You need one more item to finish this process.
First, you know the week number because that is one of your inputs. Second, you know the day of the week within that week because that is one of your inputs. But THIRD, you need to know the basis of computing the week number.
You see, when you compute a week number, you base that on a starting day of the week for the year. That is because some people want to start the week on the first day of the year even if that day isn't Sunday (or Monday or whatever). So the computation routines that manipulate these dates take into account the starting day of the week.
See these articles:
https://www.techonthenet.com/access/functions/date/format.php
https://msdn.microsoft.com/en-us/library/aa262714(v=vs.60).aspx
Both the FORMAT function and the DATEPART function include the optional starting information for your virtual calendar. Read the articles I referenced if you weren't familiar with these functions.
Format ( expression, [ format, [ firstdayofweek, [firstweekofyear] ] ] )
DatePart(interval, date[,firstdayofweek[, firstweekofyear]])
You also need to know if a value was used for the first week of the year. Again, look at the articles to understand your options.
Now, here is how you compute the date of the targeted weekday for that week of the year.
1. Determine the basis date for starting the week computation. I.e. when you computed the week number, what did you use for that computation? Determine the day of the year for that day of the week. You must realize from looking at the options for the FORMAT or DATEPART functions that the first week of the year MIGHT not even be in the same year if, for example, the starting day is chosen as Sunday and the starting week is chosen as the one that CONTAINS 1 Jan which happens to be a Monday. In that hypothetical case, the first week of the year starts on the Sunday that ended the previous year.
2. Compute a base-week date as
DATEADD( "ww", nn-1, basis-date ) - and you need the -1 because if I recall correctly, the week number will be one-based but DATEADD won't be. That is, there is no week 0. The week that contains the selected basis-date for the year is week 1.
3. Now, the tricky part. You know the weekday for the basis date (because it is either Sunday, the default, and day = 1, or you found another value if the default was not used). You already know the day of the week for the desired day, you just don't know the date yet. Those two days will be expressed as numbers from 1 to 7.
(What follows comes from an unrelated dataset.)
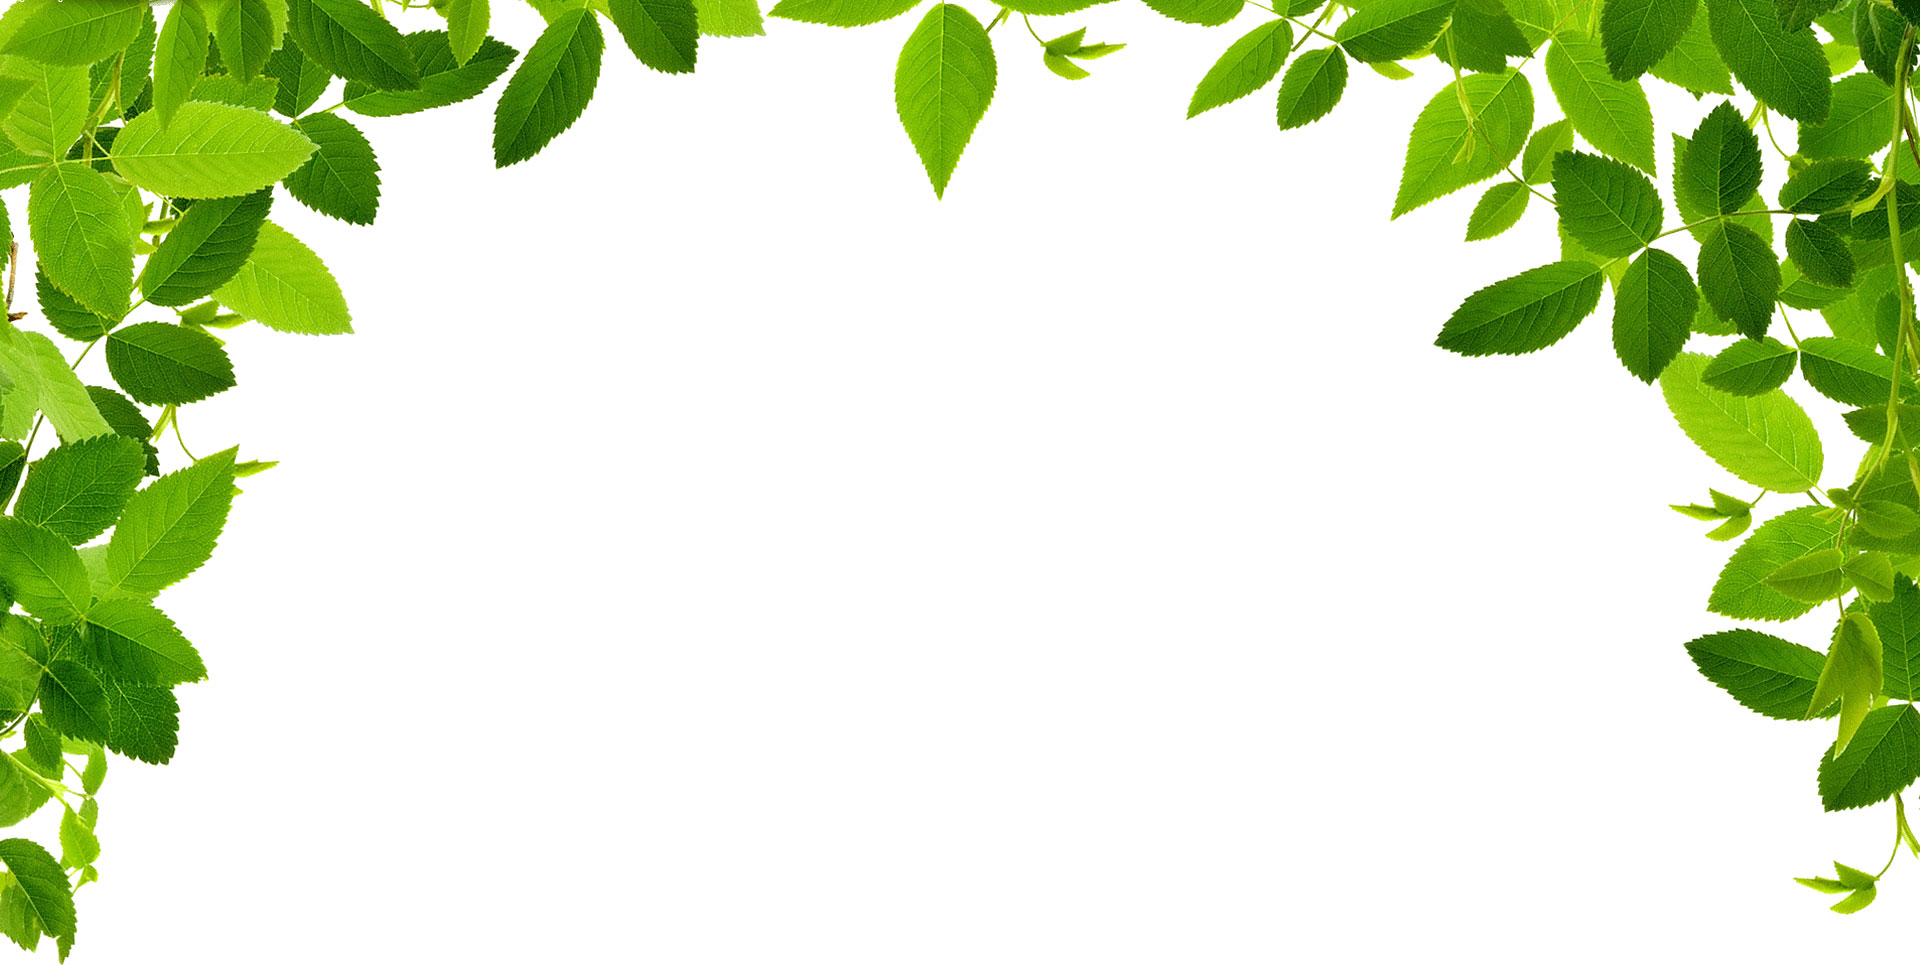 葉っぱ 草木のイラスト フリー素材 フレーム枠no 142 緑のカーテン 葉

Subtract 1 from EACH weekday number (to change them from Sunday = 1 to Sunday = 0; but more technically, to again make the numbers ZERO based, not ONE based.) Subtract the adjusted starting weekday number from the adjusted target weekday number. This is now the difference in days between the two weekdays.
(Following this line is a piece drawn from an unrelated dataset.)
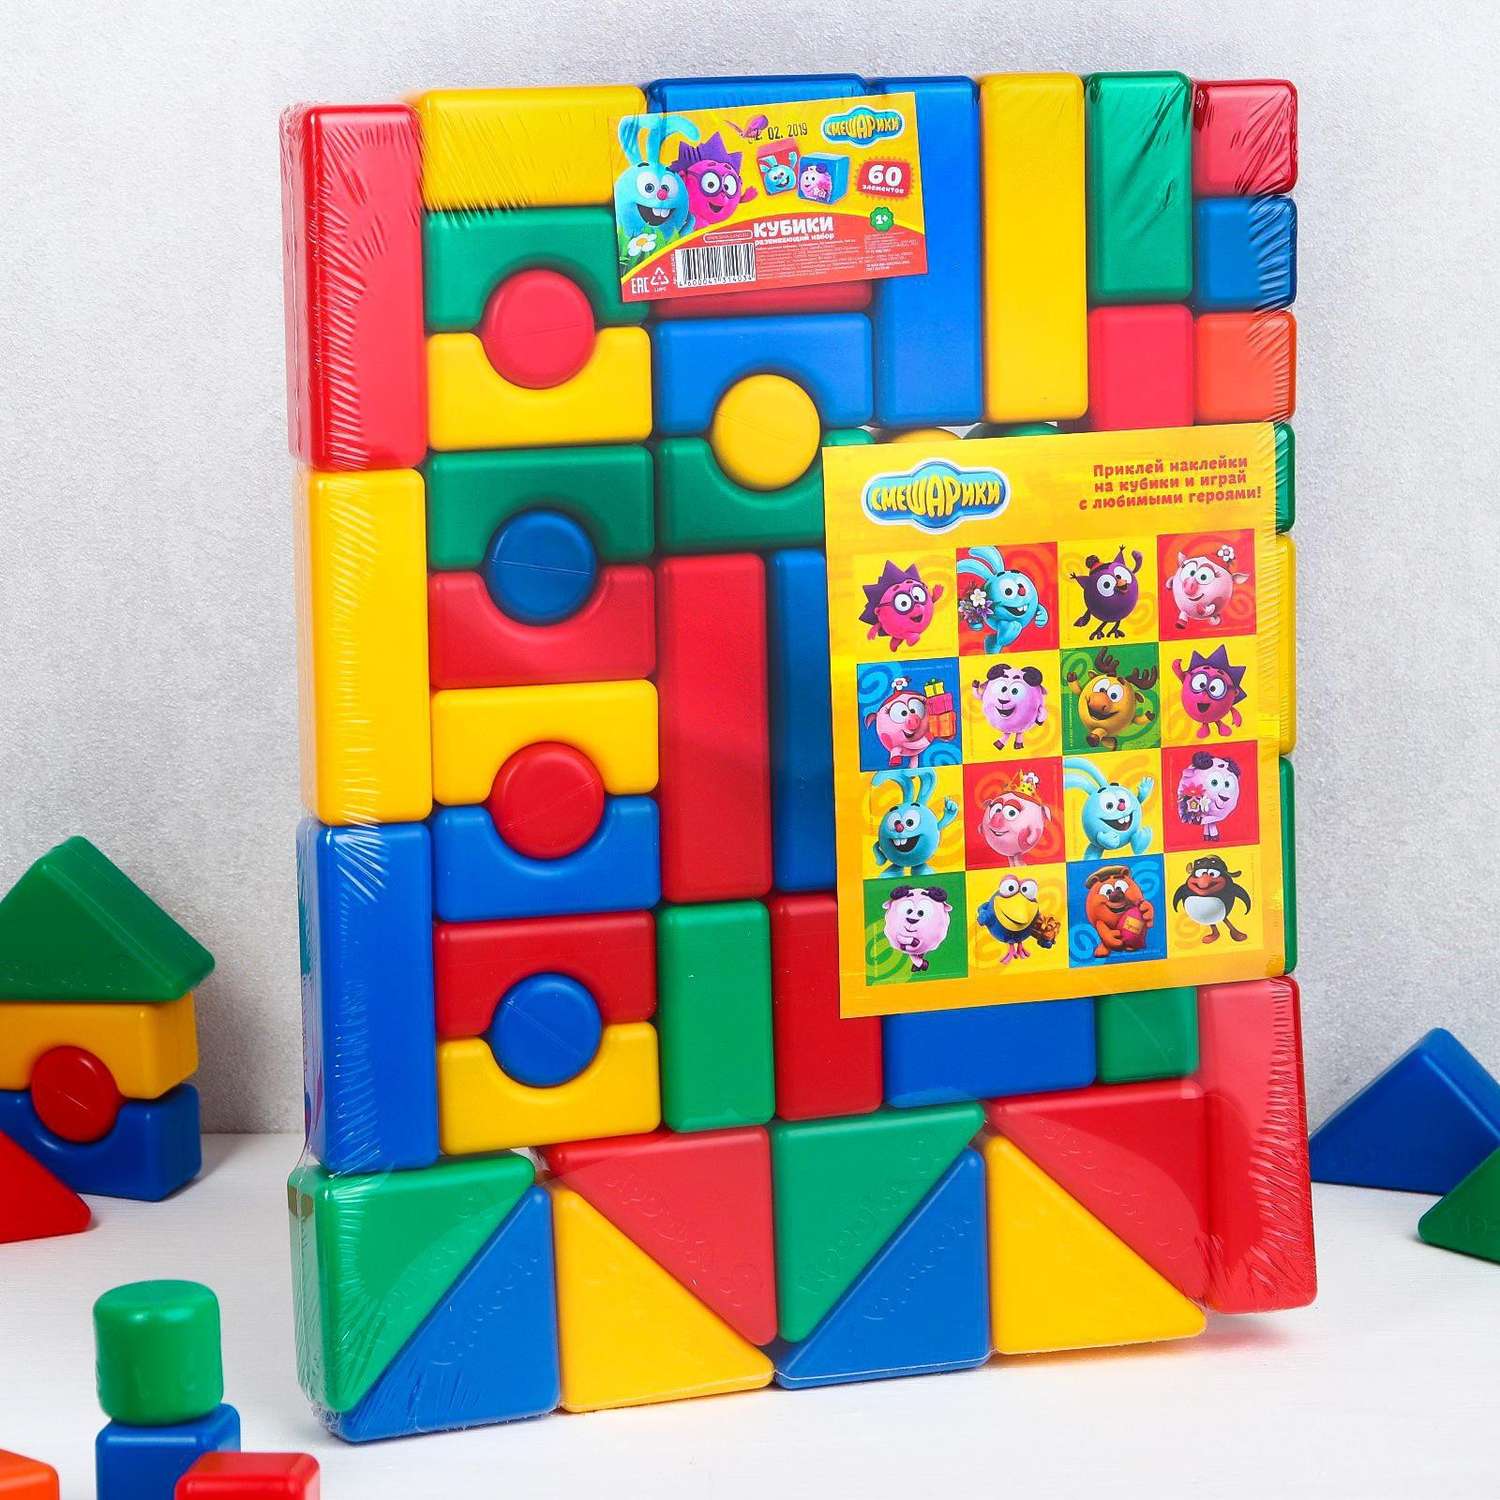 Набор кубиков Соломон Цветных «Смешарики». 60 элементов. кубик 4 х 4 см - фото 1

If the result is zero, the weekday computation took you to the right date already. The computed week-base is the date you wanted. You are done.
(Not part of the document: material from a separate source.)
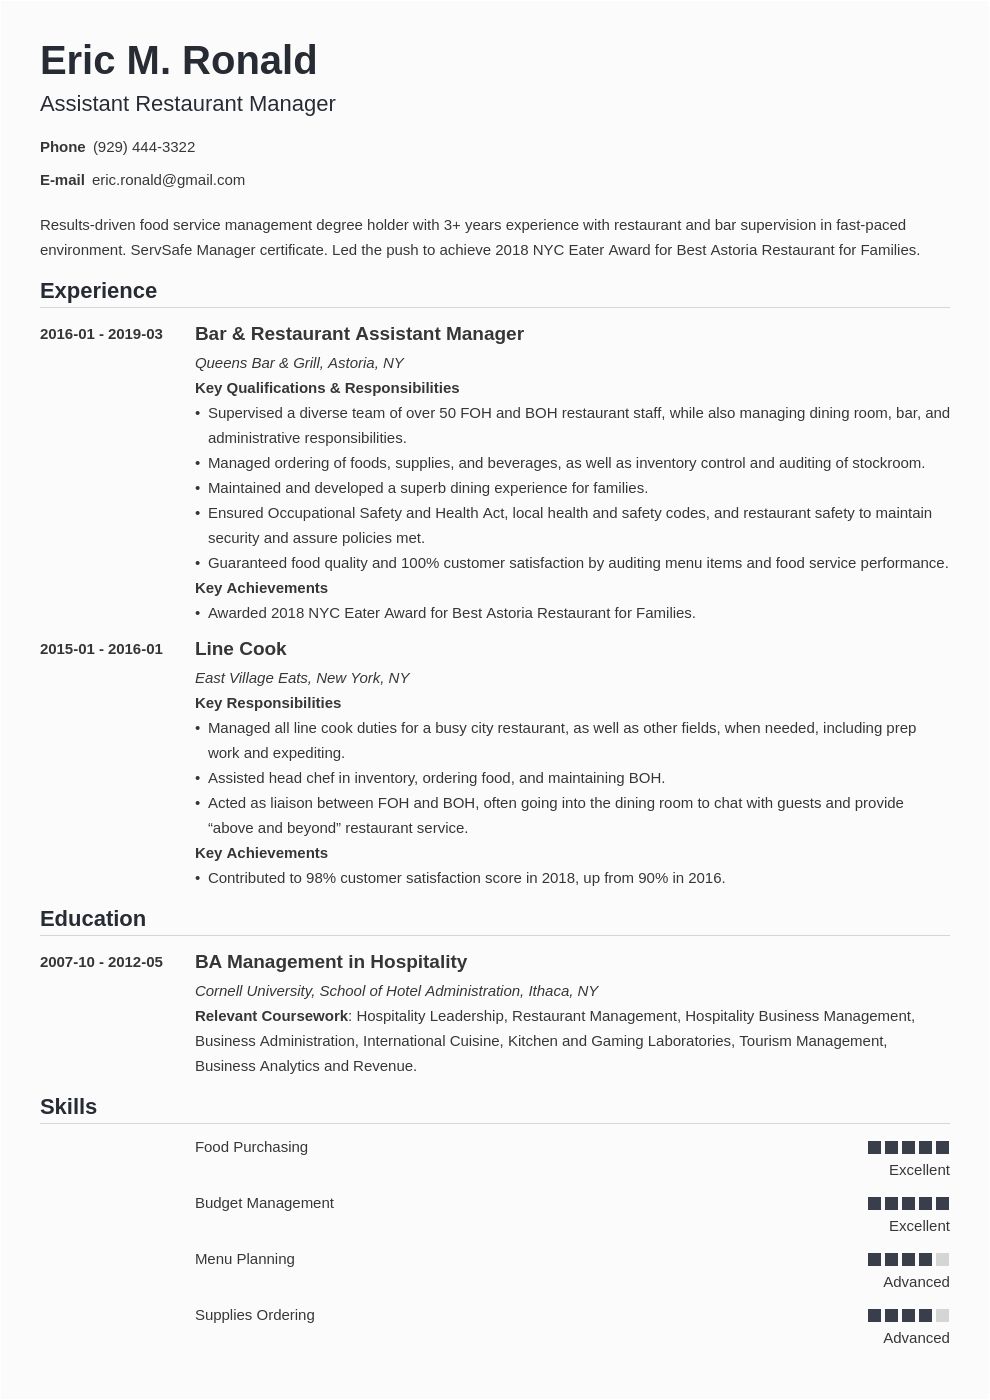 Sample Resume for Restaurant Manager Position Restaurant Manager Resume Examples Job Description Skills

If the difference is less than zero, add 7. Then (if the difference wasn't zero) compute another DATEADD( "d", difference, weekday-base ).
Let's say your day in question was a Monday but this year your week-count began on a Friday. Friday = day 6. Monday = day 2. So adjusted, equals 5 and 1. Subtract in the order stated and you get -4, which is less than 7, so add 7 and you get 3. So from your weekday base from step 2 earlier, add 3 more days and you get the date of the desired Monday.